Si la Caisse nationale d’assurance maladie n’a jamais remboursé les actes de psychanalyse, elle rembourse, finance ou co-finance des actes de psychiatres et de psychologues ou des institutions qui emploient ces personnels pour qui la référence à la psychanalyse est essentielle. Mais tandis que ces professionnels (qui sont en formation continue et certifiée) accompagnent quotidiennement ceux qui souffrent parmi nos concitoyens – et notamment, très régulièrement, les grands traumatisés (comme ce fut le cas après les attentats du 13 novembre ou comme c’est le cas dans certains hôpitaux militaires français) – on voudrait tout à coup en supprimer l’approche.
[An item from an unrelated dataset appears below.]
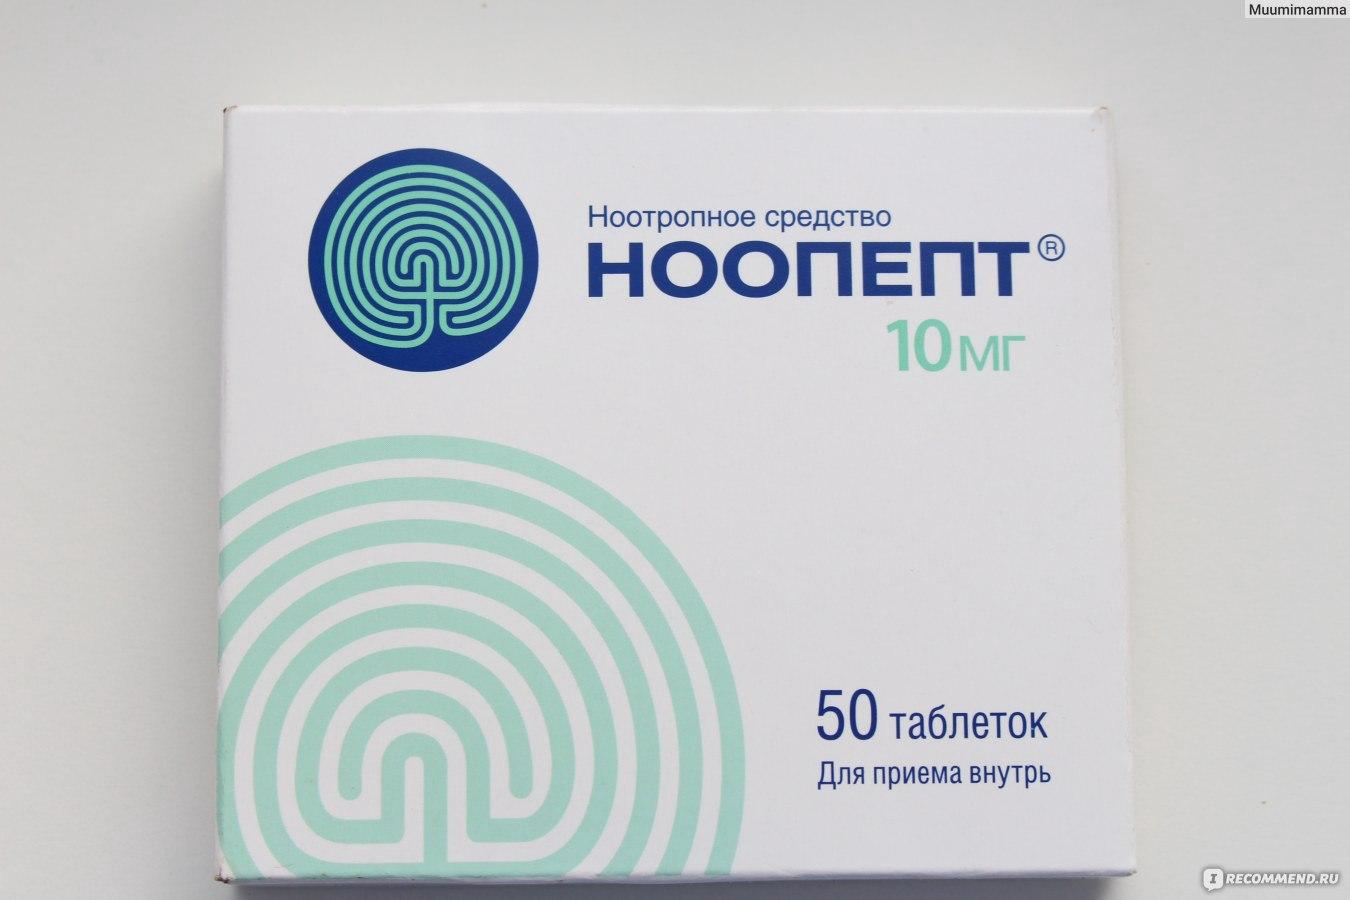 Таблетки 10 мг ноопепт: инструкция, цена и отзывы

À supposer que cela soit seulement possible sans mettre en péril tout le système sanitaire français et laisser sur le carreau les plus fragiles de nos concitoyens (dont certains peuvent devenir dangereux pour eux-mêmes ou pour les autres quand ils ne reçoivent plus de soins), comment cela se ferait-il concrètement ? Procèderait-on à une chasse aux sorcières ? Exigerait-on l’autodénonciation et la démission de ce personnel ? Retirerait-on leur titre de médecin aux psychiatres qui s’orientent de la psychanalyse quand on sait à quel point les psychiatres sont trop peu nombreux pour étancher les besoins ? Et de là, déciderait-on aussi, en toute logique, qu’il convient d’interdire l’enseignement de la psychanalyse dans les départements universitaires de psychologie et ailleurs ? Renverrait-on cette discipline illustre, qui documente abondamment et très rigoureusement ses résultats, au rang de pratique ésotérique ?
Parmi les plus grandes figures de la culture – qu’ils soient artistes, scientifiques, écrivains, chercheurs, médecins, acteurs, avocats, journalistes… –, nombreux sont ceux qui ont rendu public ce qu’ils doivent à la psychanalyse, nombreux sont ceux qui ont témoigné lui devoir jusqu’à leur vie. Voudrait-on priver les plus démunis de nos concitoyens de cette orientation si précieuse au motif qu’ils n’ont pas les moyens d’y prétendre ? L’enjeu n’est ni plus ni moins qu’un enjeu de santé publique, mais aussi de liberté et d’égalité, c’est-à-dire de démocratie.
L’École de la Cause freudienne est une association Reconnue d’Utilité Publique depuis 2006. Elle a obtenu cette reconnaissance, notamment en raison du rayonnement de la psychanalyse française qu’elle étend en Europe et dans le monde. Il est de mon devoir de vous alerter sur les dangers que cet amendement fait courir aux Français. Au nom de l’École de la Cause freudienne, je vous demande le retrait de cet amendement idéologique et mensonger, dont je veux croire qu’il a été rédigé dans l’ignorance des enjeux que nous exposons ici.
En vous remerciant Mesdames les Sénatrices, Messieurs les Sénateurs, Mesdames les Députées, Messieurs les Députés, je vous adresse l’expression de ma très haute considération.
Anaëlle Lebovits-Quenehen
Présidente de l’École de la Cause freudienne,
Association reconnue d’utilité publique
[1] Et notamment l’article 52 de la loi 2024-806 du 9 aout 2004 sur l’usage du titre de psychothérapeute.